Gardening

Help Me Put a Name on This Plant

My mystery climber doesn’t bloom often, but it suckers like crazy.

Plant Identified!

Thanks to the readers of this column, my mystery plant has been identified. It turns out to be two plants, in fact. What I took for a climbing plant with yellow flowers was in fact a yellow-flowered perennial (Patrinia scabiosifolia) bent over under the weight of a climbing plant (Aristolochia spp.). 

Many thanks to all who helped me put a name on this plant!

You wouldn’t know this just from reading this blog, but I receive a lot of photos from people asking me to identify plants. And I’m usually pretty good at it. But I’m stumped with this one … even though it’s from my own garden and indeed, it’s obviously something I planted myself. (The previous owners of my home seem to have only planted goutweed!)

The heart-shaped leaves look a lot like aristolochia leaves, but the blooms prove otherwise.

Here’s a quick description: it’s an invasive twining climber with heart-shaped alternate leaves and dense clusters of tiny 5-petaled bright yellow flowers at the stem tips in late summer/early fall. It’s a deciduous perennial and obviously very hardy, have survived for over 20 years in USDA hardiness zone 3.

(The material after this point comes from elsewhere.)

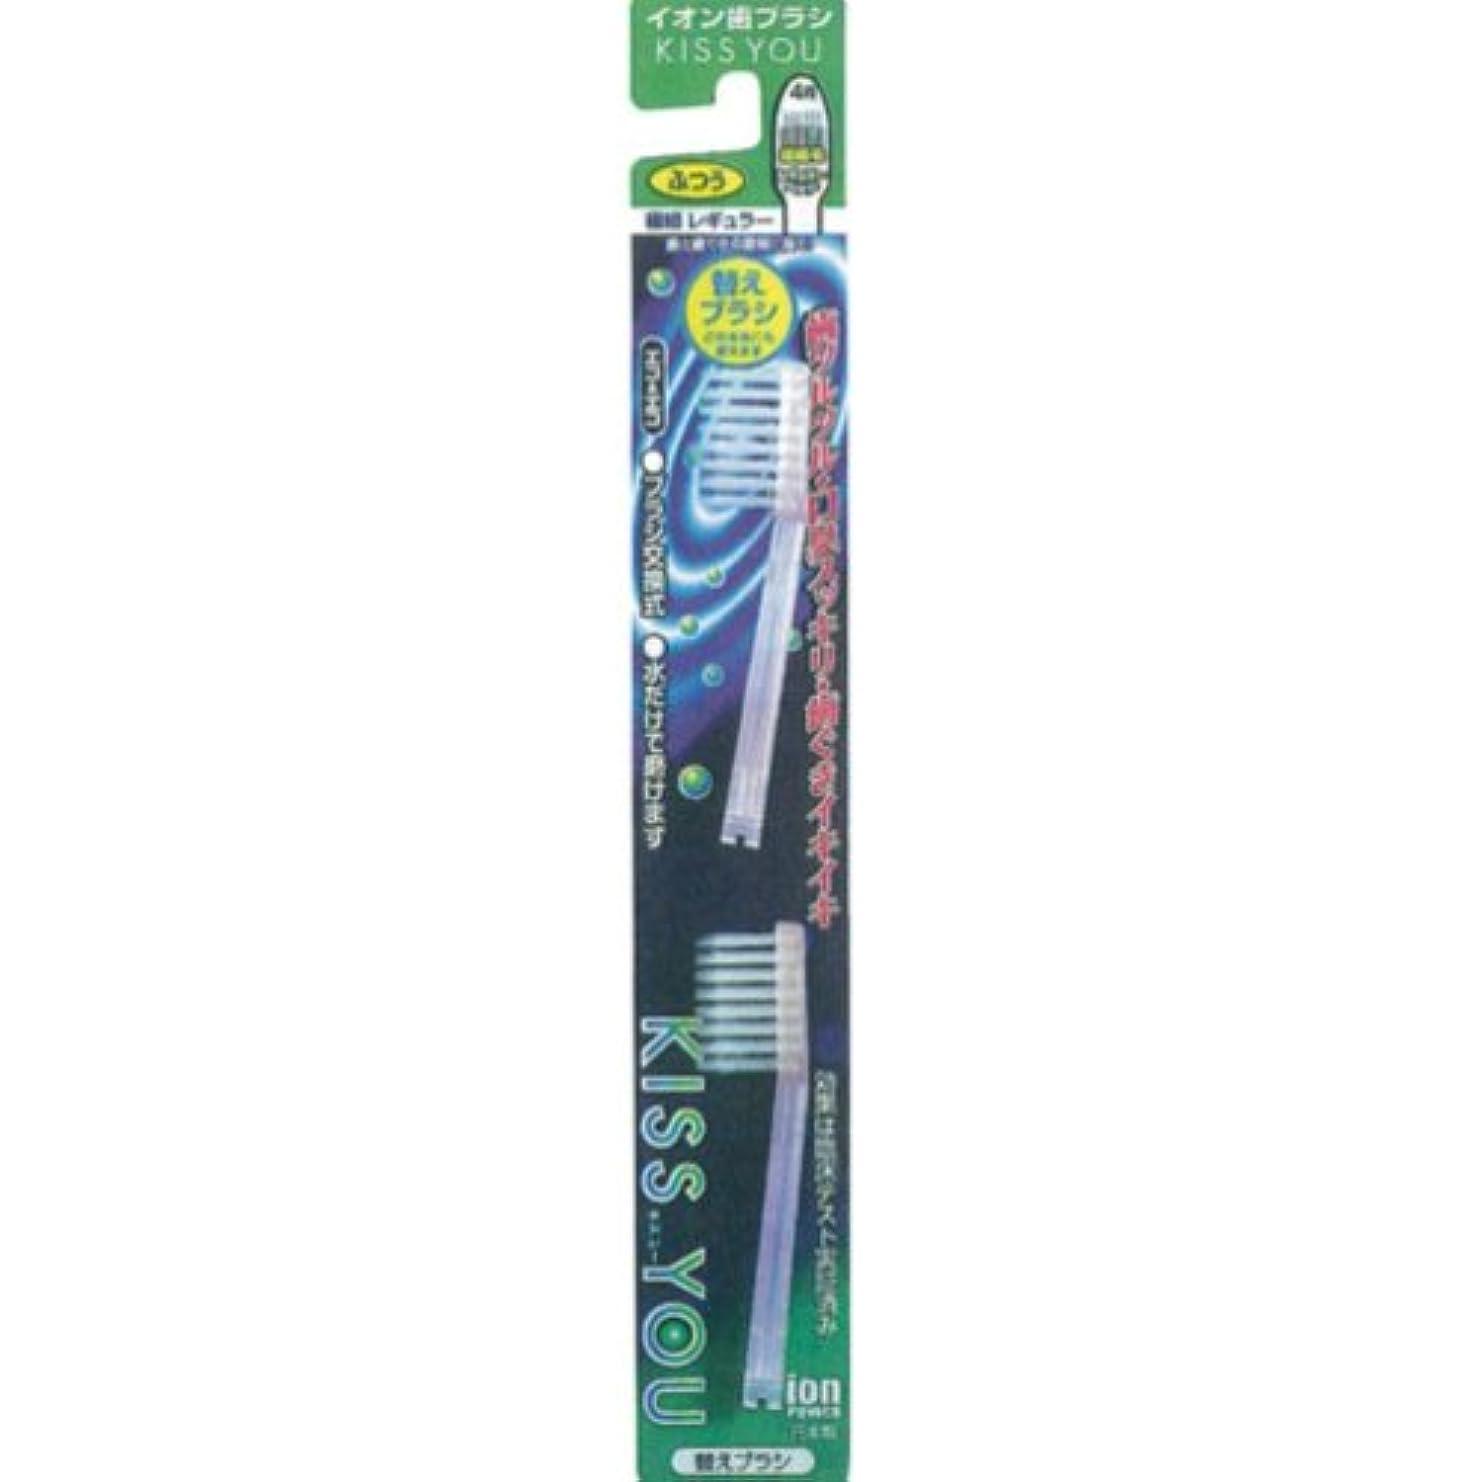 クラスパパユーザーフクバデンタル キスユー イオン歯ブラシ 極細レギュラー 替えブラシ ふつう (2本入)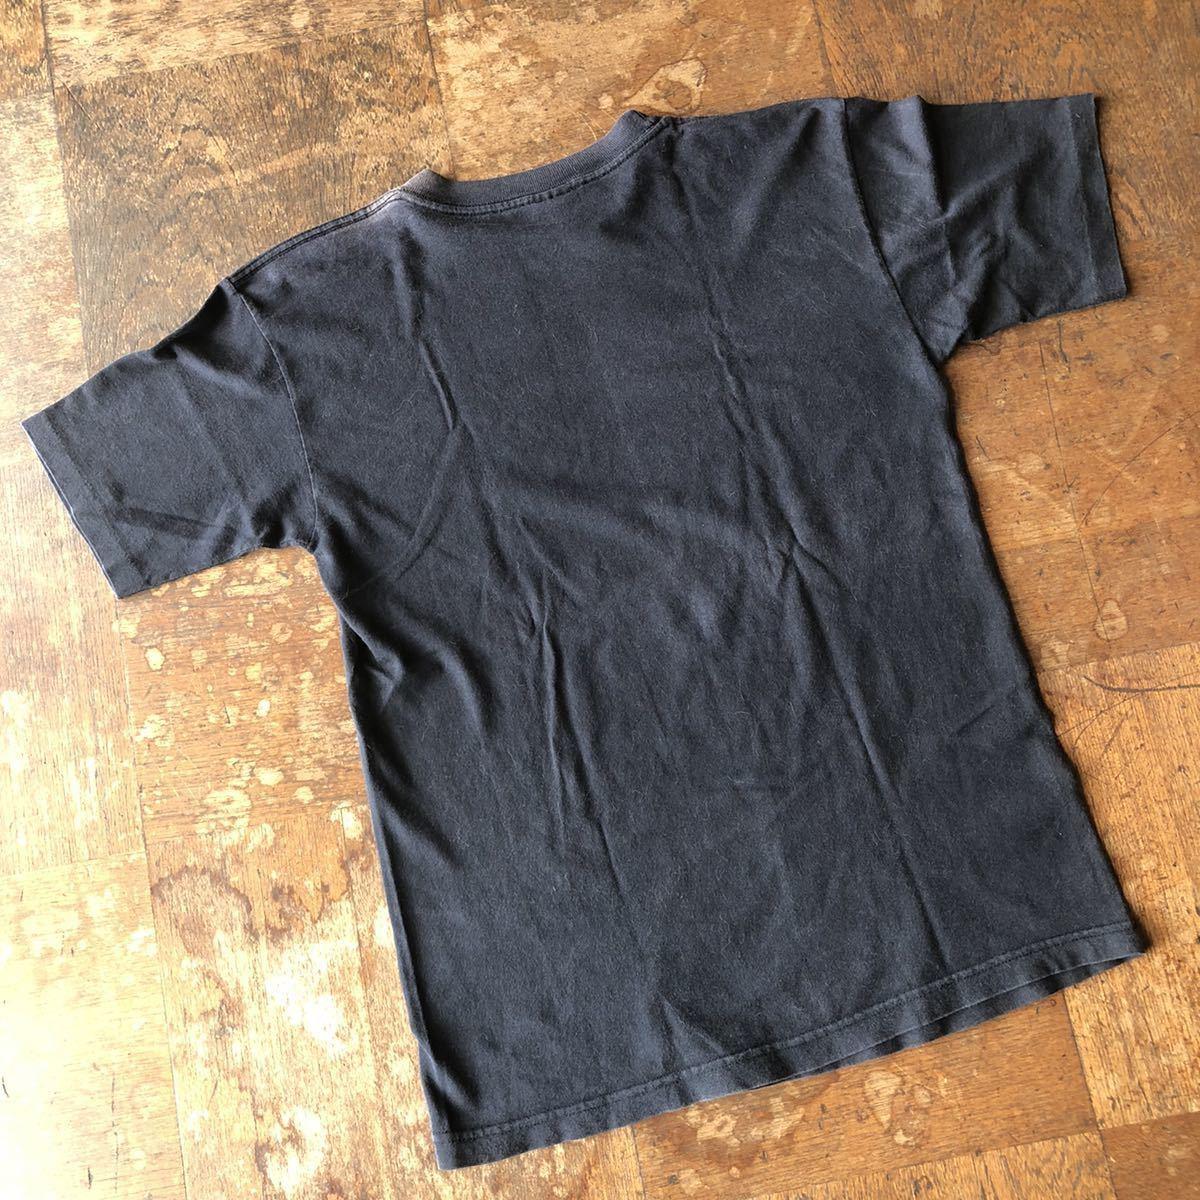 90s USA製 ビンテージ ブルース・リー Tシャツ / stussy ステューシー 黒タグ 初期 supreme リバース チャンピオン 70s 80s 90s 映画T _画像7

Can anyone help me identify it? 

Thanks!

Larry the Laidback Gardener

Larry Hodgson is one of Canada’s best-known garden communicators. He has notably been editor-in-chief of HousePlant Magazine, Fleurs, Plantes et Jardins, À Fleur de Pot and Houseplant Forum magazines and is currently the garden correspondent for Le Soleil and radio garden commentator for CKIA-FM Radio. He has written for many garden publications in both the United States and Canada, including Canadian Gardening, Harrowsmith, Horticulture, Fine Gardening and Organic Gardening. He also speaks frequently to horticultural groups throughout Canada and the U.S. His book credits include The Garden Lover’s Guide to Canada, Complete Guide to Houseplants, Making the Most of Shade, Perennials for Every Purpose, Annuals for Every Purpose, and Houseplants for Dummies, as well as nearly 60 other titles in English and French. He is a past president of the Garden Writers Association (now Garden Communicators International) and the winner of the prestigious 2006 Garden Media Promoter Award offered by the Perennial Plant Association. He resides in Quebec City, Quebec, Canada.

14 comments on “Help Me Put a Name on This Plant

  1. Thunbergia alata , black eyed susan vine? Or maybe a Convolvulus ,Yellow Bindweed? Wish you had photos of the flowers. I agree it does look like cinnamon vine bit those don’t have yellow flowers. It certainly looks like it’s in the morning glory family.

  2. Susan Tamulonis

    Maybe Cocculus carolinus. I’m in Zone 5a or b depending on microclimates and who you believe Denver where it’s snowing right now on Spetember 8. This plant has never suffered any problems.

    It’s been removed after digging this August 4 feet down to remove all the roots. I planted something near it that needed a bit a water and … well … you know how vines can be.

    • So sad to here about the snow! I just moved the last of my houseplants indoors, but there’s no frost here… yet!

      Very interesting plant. I’d never heard of it before! But I checked it out and that’s not my plant. Thanks for trying to help!

  3. The flowers are definitely from the same plant as the vine? The yellow flowers look like Patrinia, with a vine wrapping around its stem. The vine looks like aristolochia.

    • Wow! You’re right! I can’t believe I didn’t see that, yet, there I was, in person, only a few feet away! So, it is indeed a Patrinia in bloom, while the leaves are of an aristolochia.

  4. I found a vine called honey vine milkweed that looks very similar. The flowers are white though. Maybe it is a cultivar with yellow flowers?

    • Not it. It turns out its an aristolochia.

      • That’s funny I had shown it to a plant friend and she suggested that it was Patrinia but no heart shaped leaves 😂 cool I’m glad you figured it out because it was driving me crazy as I’m sure it was you . Usually I can find a plant in minutes. But this one had me stumped, no wonder 😂

  5. I was about to say the same. The vine seems to be wrapped around the blooming stem. Are all the blooms on the lower portions of the vines, without bloom above the height of Patrinia? Aristolochia does not bloom easily, so could have gone for many years without bloom. I do not recognize the species.

    • Absolutely spot on. I don’t know how I missed this very obvious error.

      • I would not have said anything if others had not already done so. I mean, I figured that if it were that simple, it would have been noticed. I kept looking at it believing that the two were the same just because you said so.